Another historic implication of the weak state context in which the waqf developed is that it has somewhat weaker expectations about the extent to which the trustee/mutawillis should be prohibited from personally benefitting from the management of the trust, and weak expectations regarding accounting for its management in a formal, written manner.
Wikipedia, at the link above, makes the following comparison between this institution and trust law:
The waqf in Islamic law, which developed in the medieval Islamic world from the 7th to 9th centuries, bears a notable resemblance to the English trust law. Every waqf was required to have a waqif (founder), mutawillis (trustee), qadi (judge) and beneficiaries. Under both a waqf and a trust, "property is reserved, and its usufruct appropriated, for the benefit of specific individuals, or for a general charitable purpose; the corpus becomes inalienable; estates for life in favor of successive beneficiaries can be created" and "without regard to the law of inheritance or the rights of the heirs; and continuity is secured by the successive appointment of trustees or mutawillis."

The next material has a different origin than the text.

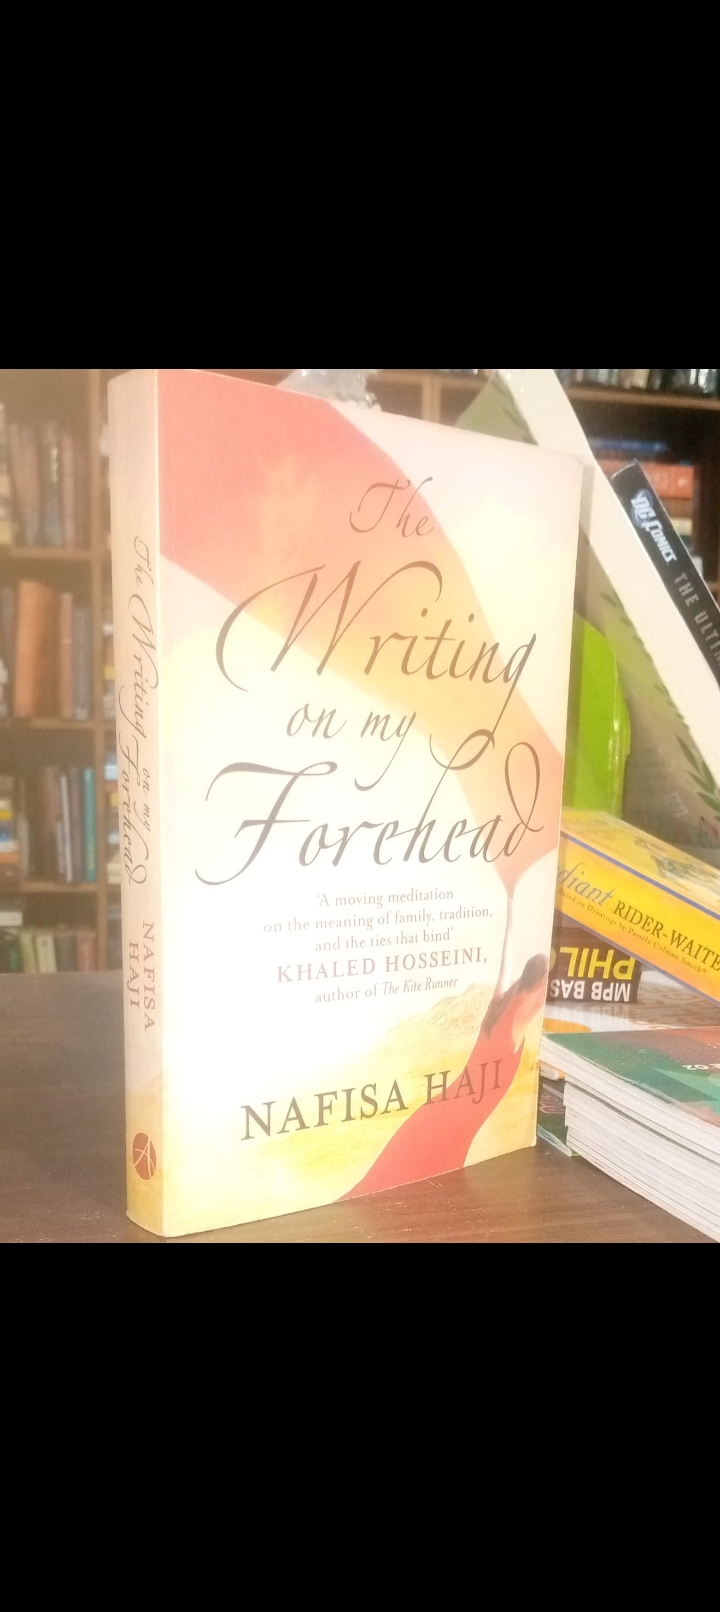 the writing on my forehead by nafisa haji. original paperback

The only significant distinction between the Islamic waqf and English trust was "the express or implied reversion of the waqf to charitable purposes when its specific object has ceased to exist", though this difference only applied to the waqf ahli (Islamic family trust) rather than the waqf khairi (devoted to a charitable purpose from its inception). Another difference was the English vesting of "legal estate" over the trust property in the trustee, though the "trustee was still bound to administer that property for the benefit of the beneficiaries." In this sense, the "role of the English trustee therefore does not differ significantly from that of the mutawalli."
Personal trust law developed in England at the time of the Crusades, during the 12th and 13th centuries. The Court of Chancery, under the principles of equity, enforced the rights of absentee Crusaders who had made temporary assignments of their lands to caretakers. It has been speculated that this development may have been influenced by the waqf institutions in the Middle East.
Thus, the English common law trust may be a generalization of the legal concept of the waqf.
Also the waqf in its charitable trust form is probably a larger share of the non-profit sector than the latter developed non-profit organization, which is governed in a more democratic manner by a collective board or group of members in many cases, rather than merely by a trustee. The shift from charitable trusts to non-profit organizations in the West, more or less, coincides with the general rise of democratic institutions, not merely at the governmental level, but at the same time in religious and charitable institution, particular after the Christian Reformation in the 16th century.
Unlike many Western non-profit organizations which will often have many contributor/members who are on somewhat equal footing, a waqf will generally have either a single founder or very small number of founders, whose founding contribution to the waqf is different in kind from the donations of pilgrims and others who utilize the beneftis of the waqf.
But, unlike a "private foundation" in the U.S., which has many similarities, the purpose of a waqf is some very specific form of charitable activity rather than mere to benefit charity with funds derived from the main private donors generally.